Actual causation is a matter of strict, logical, cause-and-effect
relationships. Proximate causation where proximate means “close”
is a judgment call about how direct or attenuated the cause-and-
effect relationship is, and whether it is close enough for liability.
This example will help you see the difference. Suppose you drive a
car carelessly and run over your neighbor’s mailbox. Your neighbor,
sitting on her front porch, has seen the whole thing. Bursting out of
the car, you put your hands on your hips and say, with indignity, “My
mother and father caused this to happen.” Your neighbor screws up
her eyebrows. “What on earth are you talking about?” she says. You
answer, “My mother and father got together and they, you know,
caused me to exist.

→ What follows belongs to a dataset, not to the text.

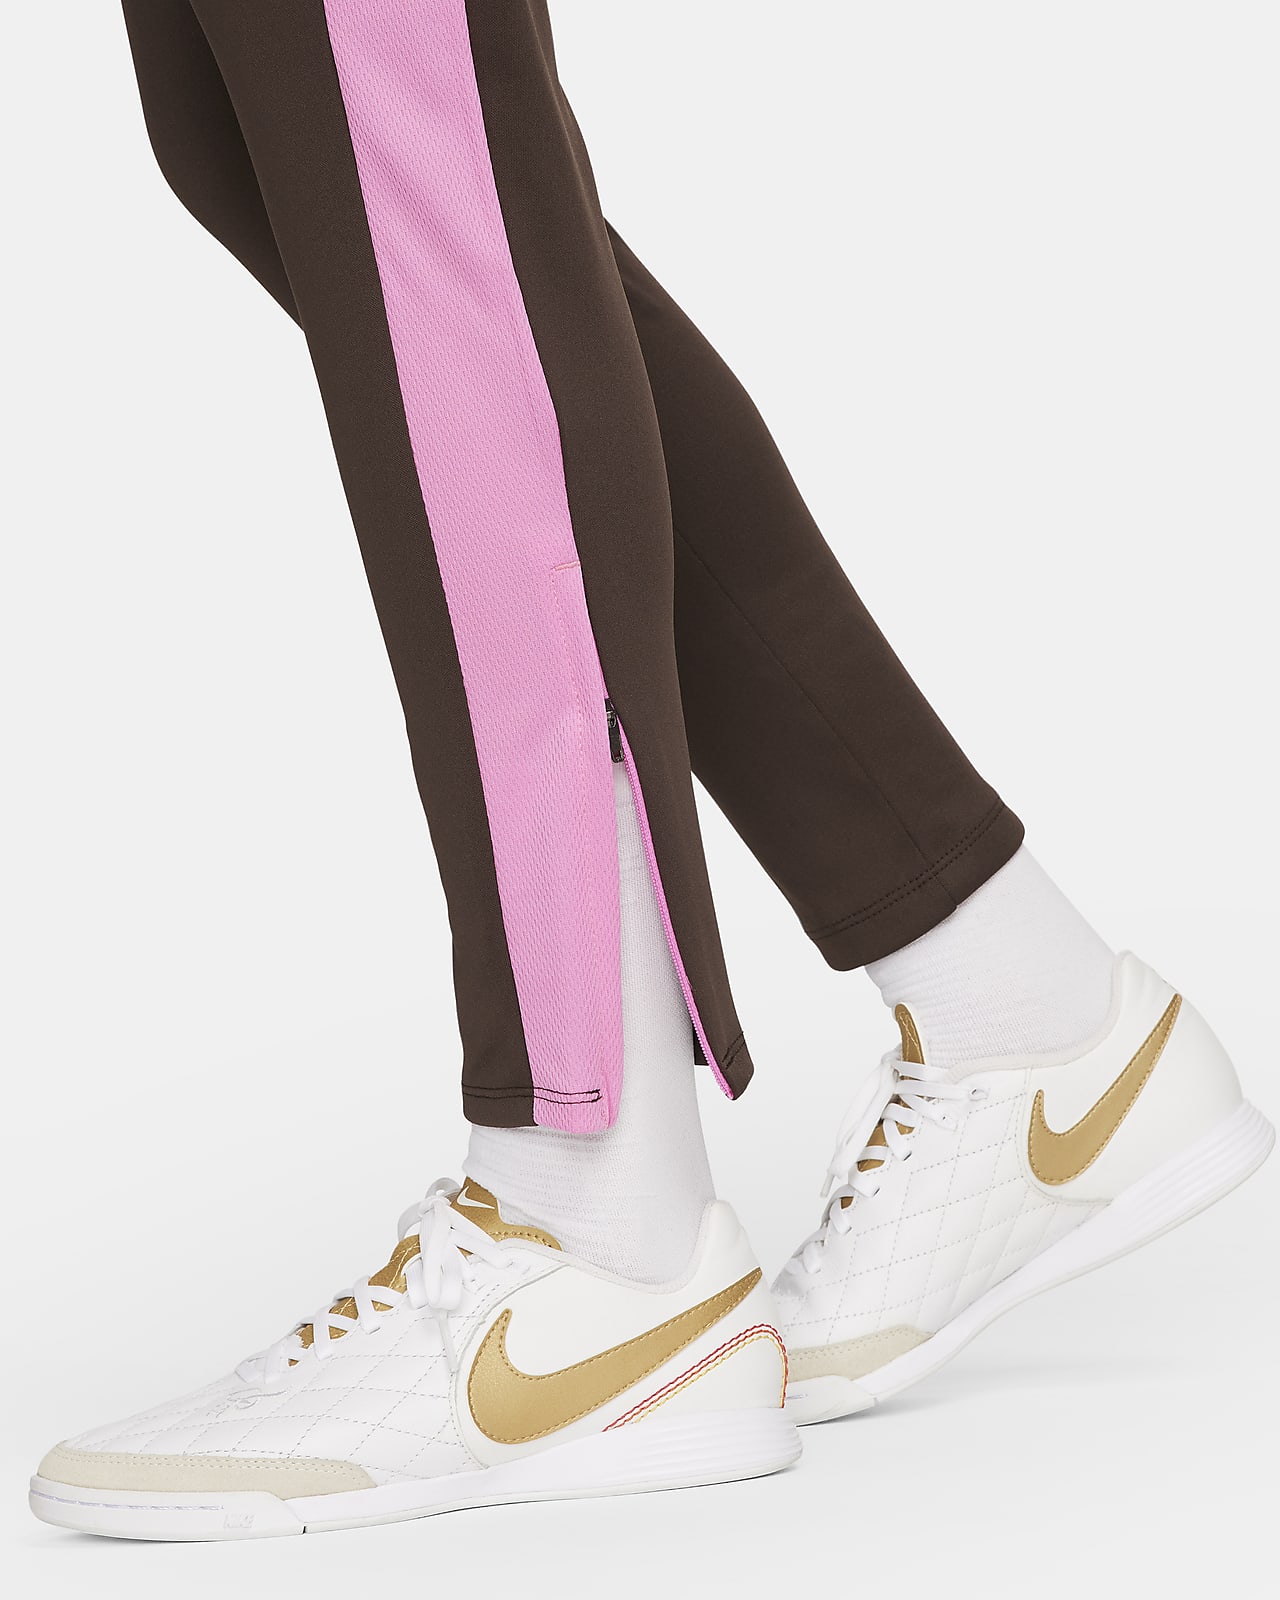 Nike Women's Dri-FIT Academy​ Soccer Pants - Hibbett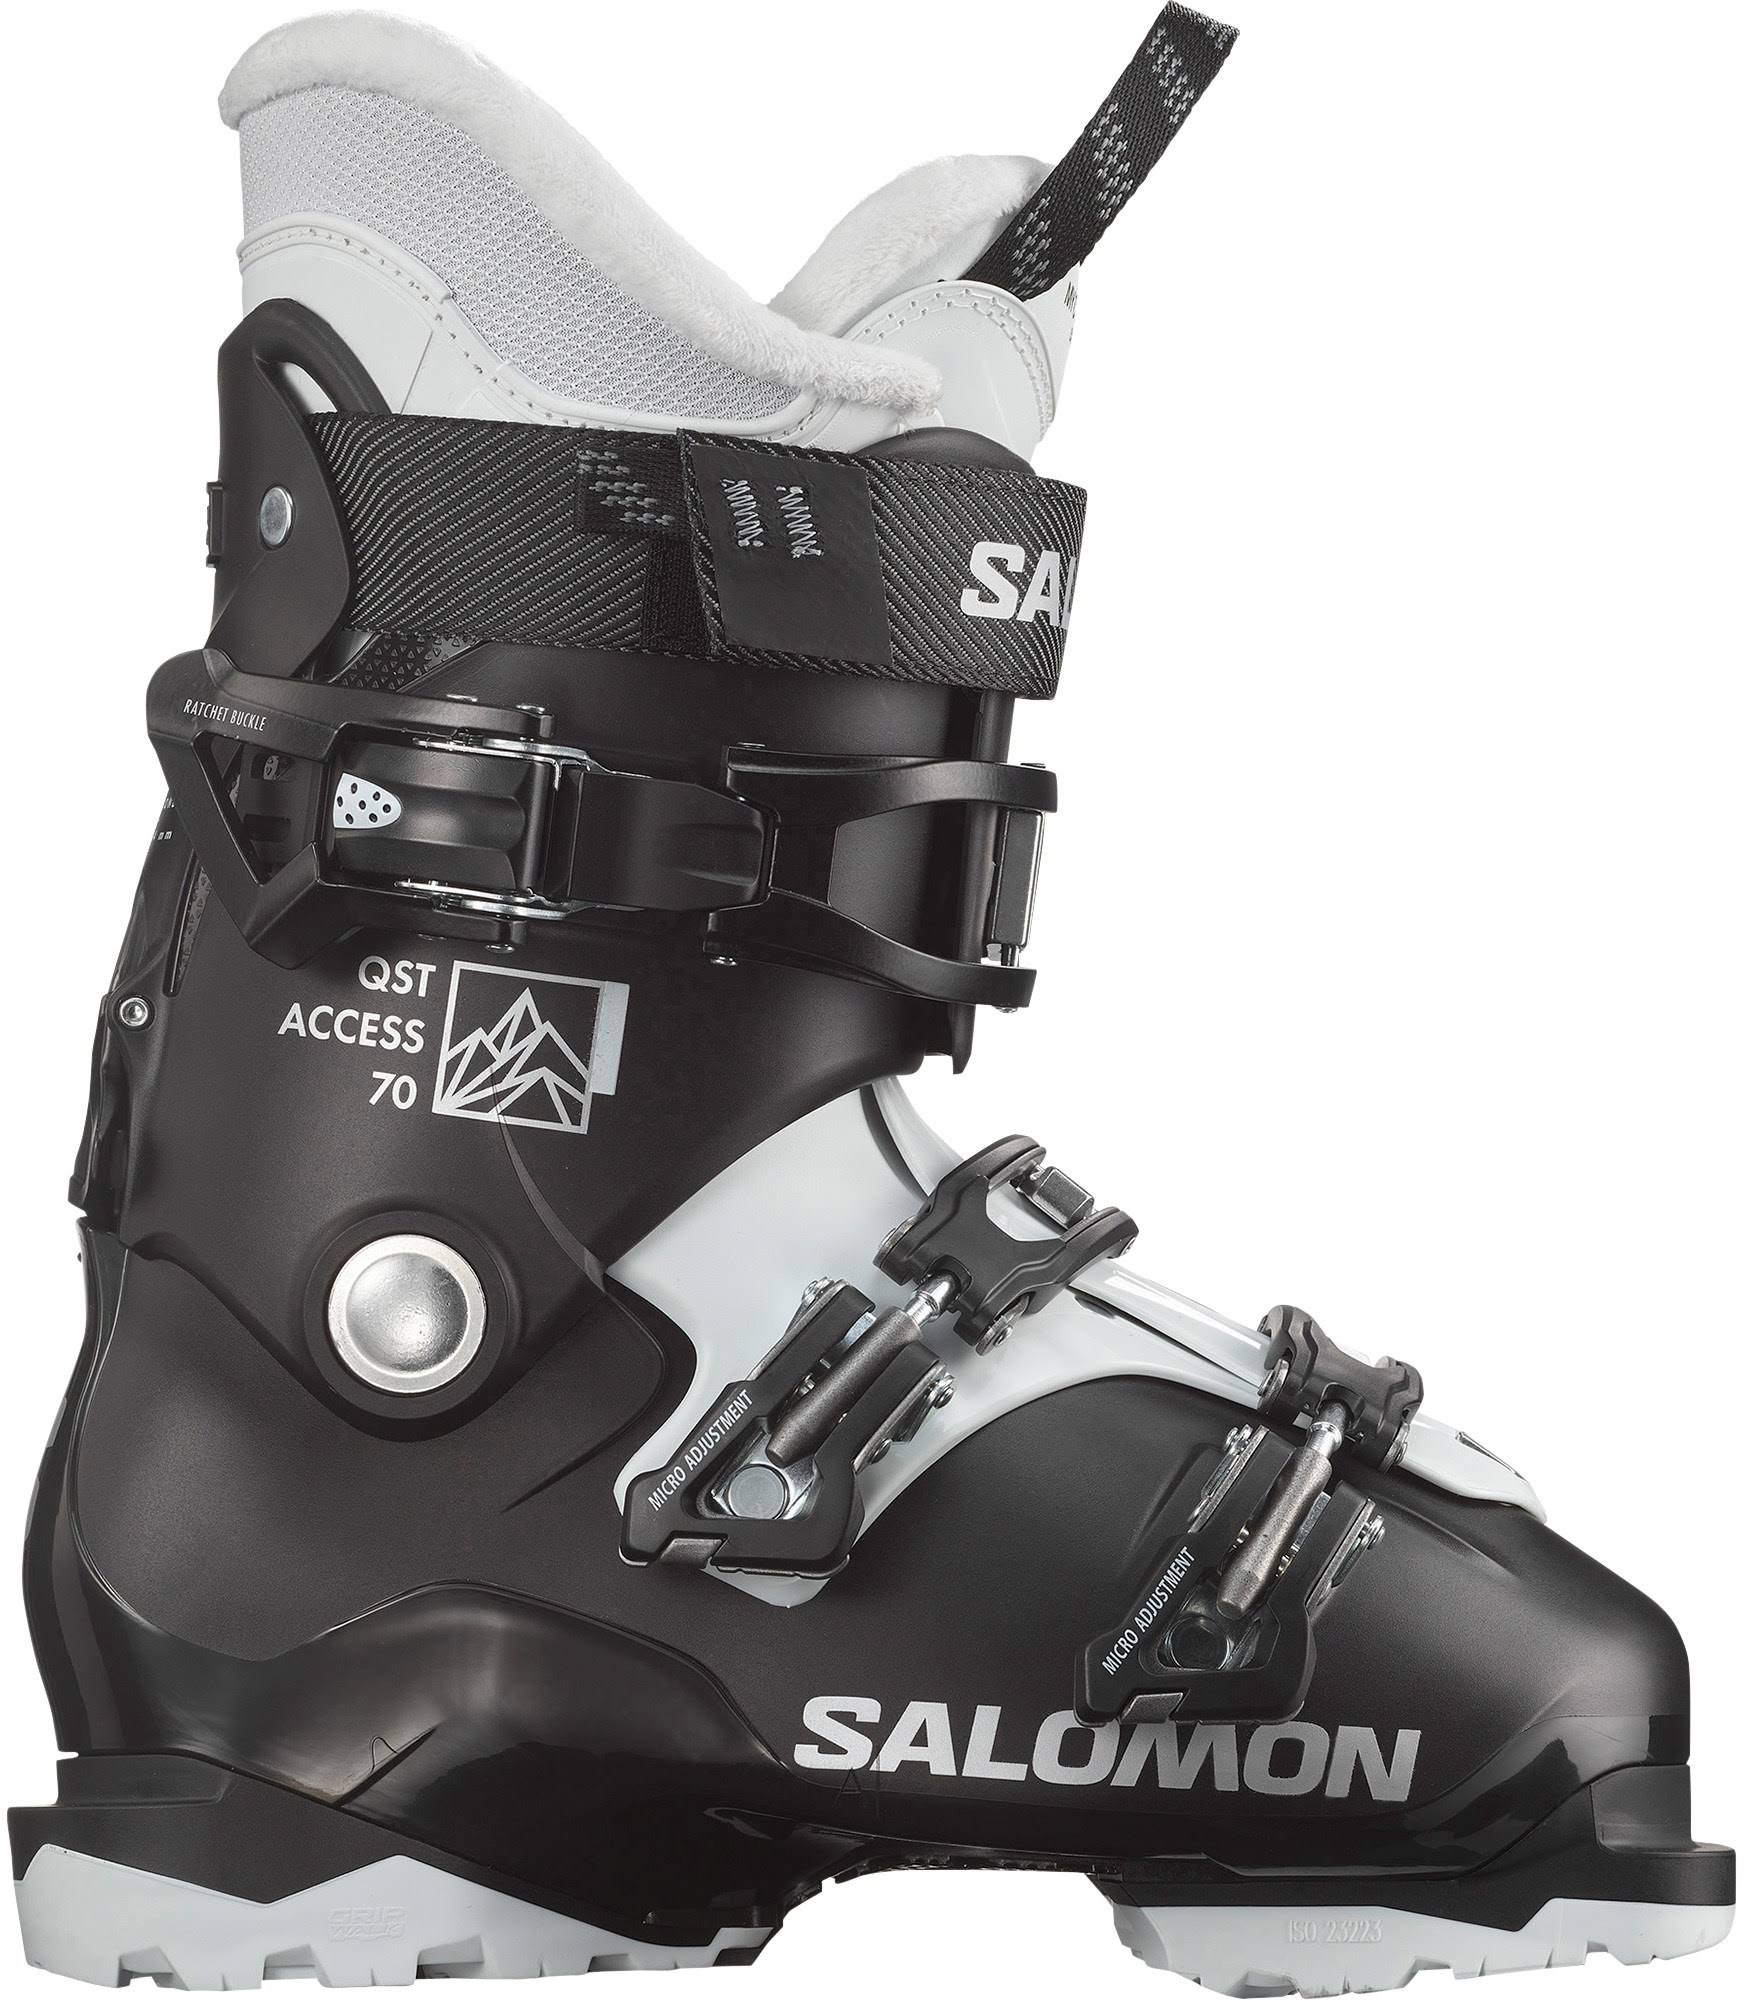 Salomon Qst Access 70 W Gw Alpine Ski Boots Black 24.0-24.5

So they caused this to happen to your mailbox.
I’m so sorry.”
In such a case it would be absolutely undeniably true that, as a strict
matter of the logic of cause-and-effect, you mother and father caused
the accident. But, of course, offering this as some kind of explanation
for what happened to the mailbox is silly. The tension here is the
difference between actual causation and proximate causation. It is
true that your mother and father caused the accident in the sense of
actual causation. But your mother and father did not cause the accident
in the sense of proximate causation.
In everyday, non-legal English, when we use the word “caused,” we
are talking about some combination of actual causation and
proximate causation. Most of the time, there is no need to separate
out the concepts. But when it comes to legal analysis in torts, we
need to specify exactly what we are talking about because, as you will
see, the two concepts implicate entirely different sets of concerns.